MATT APUZZO: Great to be back.
MARTIN: So what parts of North Carolina's voter ID law are these students challenging?
APUZZO: So you really have to look at it on two prongs, right? So there's the one aspect, which is the Department of Justice, the NAACP and all these civil rights groups were challenging the whole law - the voter ID component. Also, the elimination of same-day registration, the reduction in times, early voting. So the law in its totality is also under fire. But separately, these students have joined the lawsuit and they've said this specifically discriminates against young voters under the 26th Amendment. Now, if you're like me - I'm a legal guy - but the 26th Amendment. What the heck's that 26th Amendment? The 26th Amendment is the amendment that lowered the voting age to 18. But it didn't say the voting age will be 18, it said nobody shall make any laws that would restrict the right of anybody who received - attained the age of 18 to vote. So it's written very much like an anti-discrimination law. So if this works, this would really open up a new front in the fight over sort of voting access laws.
MARTIN: Is this what makes this different from the other challenges to the law?
APUZZO: Right, so they've sort of - the court in the name of trying to make things all, you know, more convenient, they've kind of added all these cases into one. So it's all one case now. But what's unique about what the students are asking is there's never been a case quite like this. It's claimed the 26th Amendment, it's basically on par with the 14th Amendment, which is obviously racial discrimination.
MARTIN: Now, how did this get to the courts? I mean, you know, sometimes plaintiffs are recruited for cases. I mean, that's not a secret that people sometimes look around for people who are well-positioned to make an argument. How did this case come about, or did these students try to vote and then were turned away or were their student IDs rejected? How did this come about?
APUZZO: Well, since the student ID - since the law on the ID portion hasn't taken effect, nobody's been turned away from voting at this point. You know, they're really challenging it to try to keep it from taking effect. I think it's pretty clear that these - the plaintiffs here, if not recruited, are clearly of like minds. I mean, we're talking about the president and vice president of various, you know, student democratic groups - as in student Democrats, not democratic.

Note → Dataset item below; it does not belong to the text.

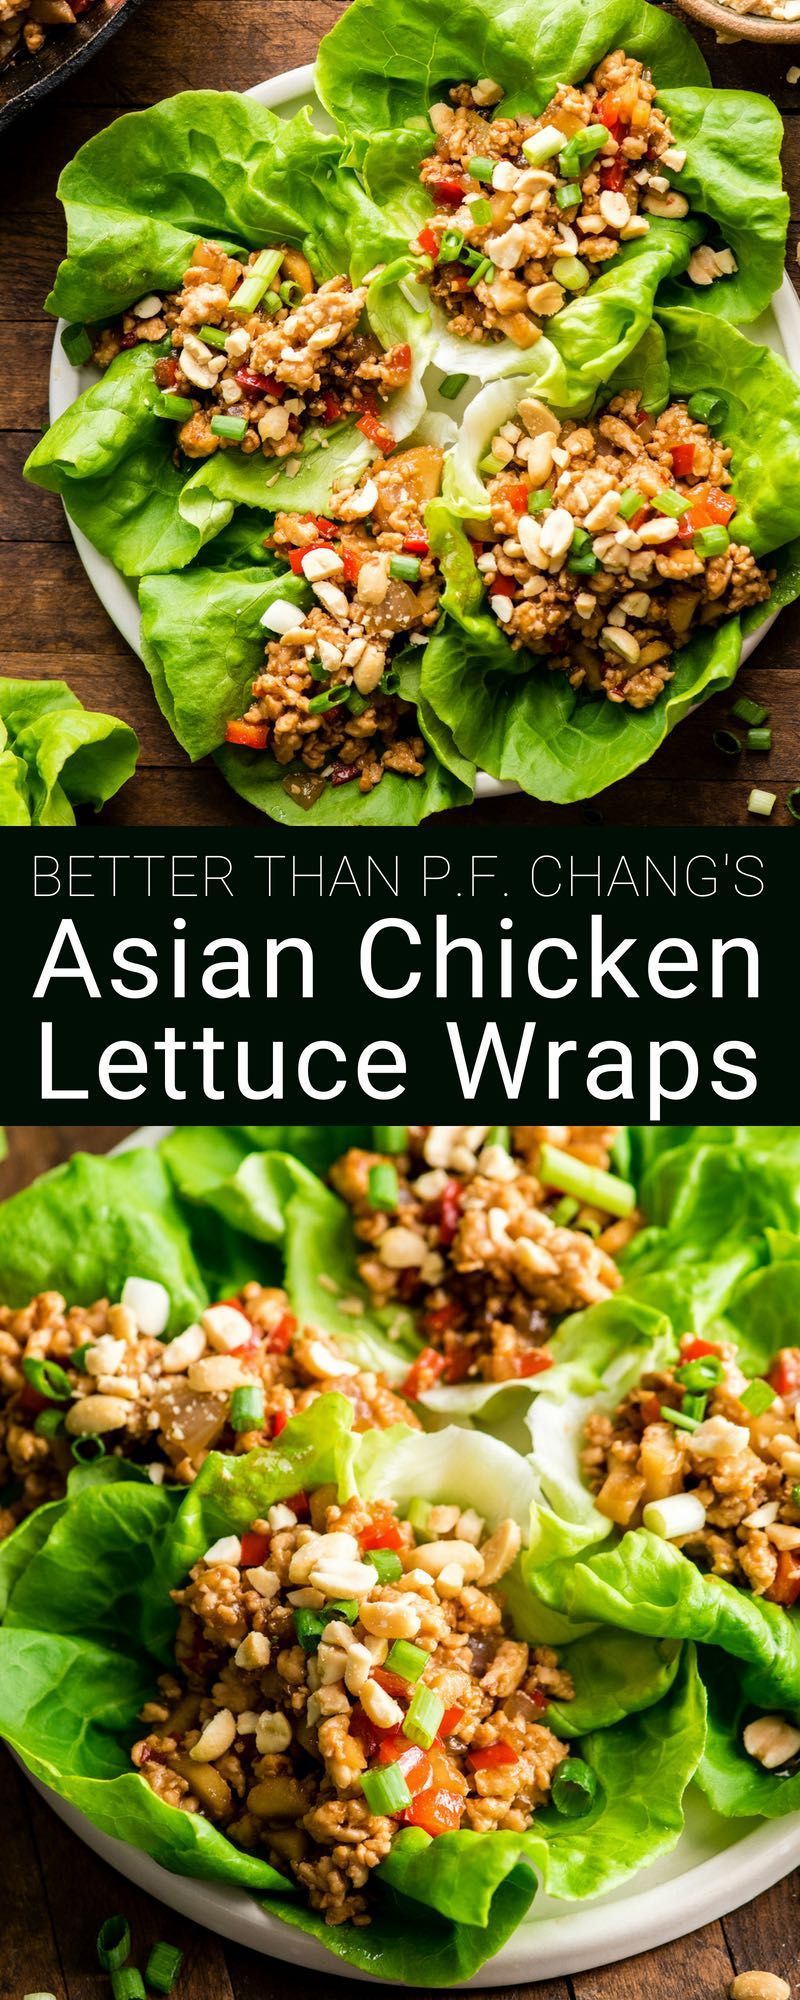 Asian Chicken Lettuce Wraps (better than P.F. Chang's)! -   18 healthy recipes Asian dinners ideas

MARTIN: Well, are they mostly Democrats though? To that end though, I mean...
MARTIN: ...What about Republican students? We know that there were young Republican groups on these campuses, you know, as well.
MARTIN: We know that younger people have tended to vote Democratic in recent elections in North Carolina, but...
APUZZO: It's not just that they've tended to. I mean, for the last two elections, I mean, it's been nearly two to one in the 18-29 age group category. It's overwhelming in North Carolina for that age group that Obama - in 2008, Obama carried the state and he didn't carry any other age groups other than the young voter. But they turned out in such huge numbers, and so overwhelmingly for him, it didn't matter that Obama lost every single other age group. He just won among young voters. So it just speaks about the potency that this demographic has, both obviously in North Carolina but certainly nationwide.
MARTIN: What about the other side of the argument though? As we mentioned, the driver of these changes have been Republicans in a number of states where Republicans in the governor's office or hold the legislature. And their argument has been that this is necessary to counter fraud. Is there any evidence that voter fraud has affected recent elections? Apart from that you know anecdotal evidence, is there any evidence that it has?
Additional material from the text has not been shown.